I crossed the room, sinking to the ankles in the deep pink pile of her fantasy, and raised the blind over the front window. I could see the wide flat second-story porch, and through its railings the pepper tree, and my car in the street. The three Mexican boys came by on their bicycle, one on the handlebars, one on the seat, one on the carrier, trailed by a red mongrel which had joined the act.
“They have no right to be riding like that,” Miss Jenks said at my shoulder. “I have a good mind to report them to the deputy. And that dog shouldn’t be running around loose.”
“He’s doing no harm.”
“Maybe not, but we had a case of hydrophobia two years ago.”
“I’m more interested in ten years ago. How tall was your niece at that time?”
“She was a good big girl for her age. About four feet and a half. Why?”
I adjusted my height by getting down on my knees. From this position I could see the lacy branches of the pepper tree, and through them most of my car, but nothing nearer. A man leaving the house would scarcely be visible until he passed the pepper tree, at least forty feet away. A gun in his hand could not be seen until he reached the street. It was a hasty and haphazard experiment, but its result underlined the question in my mind.
I got up off my knees. “Was it dark that night?”
She knew which night I meant. “Yes. It was dark.”
“I don’t see any street lights.”
“No. We have none. This is a poor town, Mr. Archer.”
“Was there a moon?”
“No. I don’t believe so. But my niece has excellent eyesight. She can spot the markings on a bird–”
“At night?”
“There’s always some light. Anyway, she’d know her own father.” Miss Jenks corrected herself: “She knew her own father.”
“Did she tell you this?”
“Yes. I was the first one she told.”
“Did you question her about it in any detail?”
“I didn’t, no. She was quite broken up, naturally.

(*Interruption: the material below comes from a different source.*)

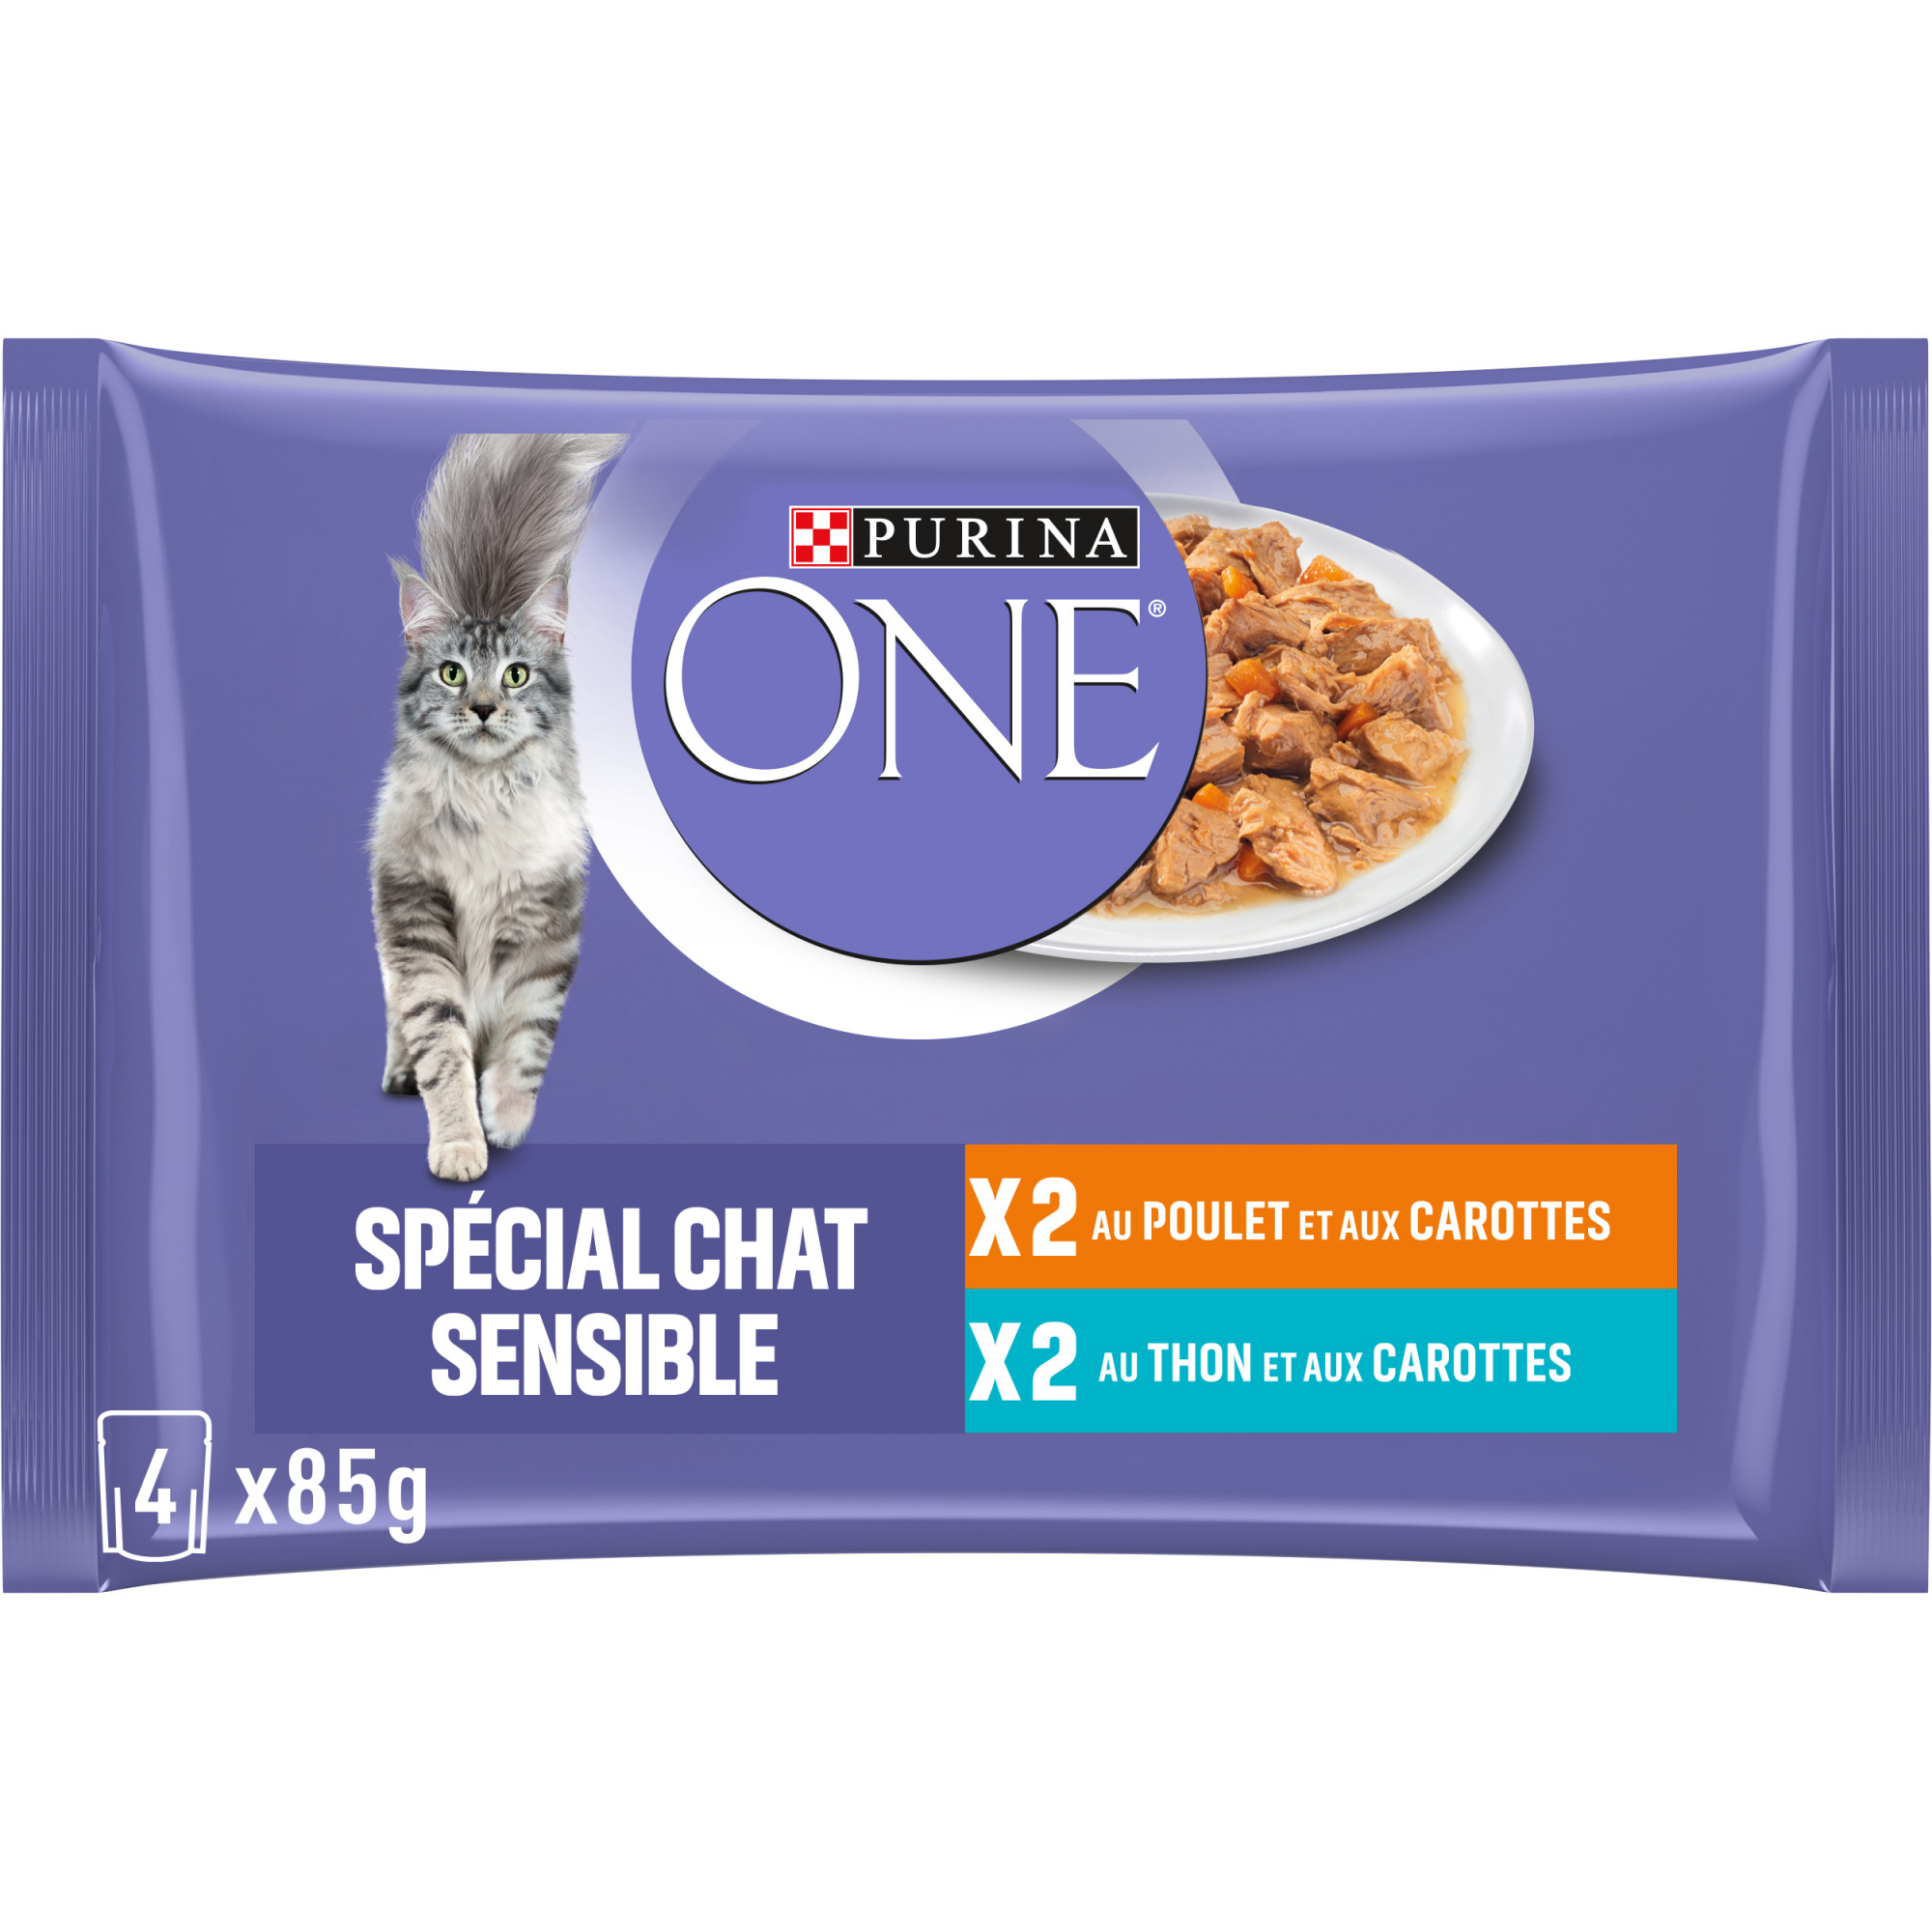 PURINA ONE gato sensível - 2 sabores

I didn’t want to subject her to the strain.”
“But you didn’t mind subjecting her to the strain of testifying to these things in court.”
“It was necessary, necessary to the prosecution’s case. And it did her no harm.”
“Dr. Godwin thinks it did her a lot of harm, that the strain she went through then is partly responsible for her breakdown.”
“Dr. Godwin has his ideas and I have mine. If you want my opinion, he’s a dangerous man, a troublemaker. He has no respect for authority, and I have no respect for a man like that.”
“You used to respect him. You sent your niece to him for treatment.”
“I know more about him now than I did then.”
“Do you mind telling me why she needed treatment?”
“No. I don’t mind.” She was still trying to preserve a friendly surface, though we were both conscious of the disagreement simmering under it. “Dolly wasn’t doing well in school. She wasn’t happy or popular. Which was natural enough with her parents – I mean, her father, making a shambles of their home together.”
“This isn’t the backwoods,” she said as if she suspected maybe it was, “and I thought the least I could do was see that she got a little help. Even the people on welfare get family counseling when they need it. So I persuaded my sister to take her into Pacific Point to see Dr. Godwin. He was the best we had at that time. Constance drove her in every Saturday morning for about a year. The child showed considerable improvement, I’ll say that much for Godwin. So did Constance. She seemed brighter and happier and surer of herself.”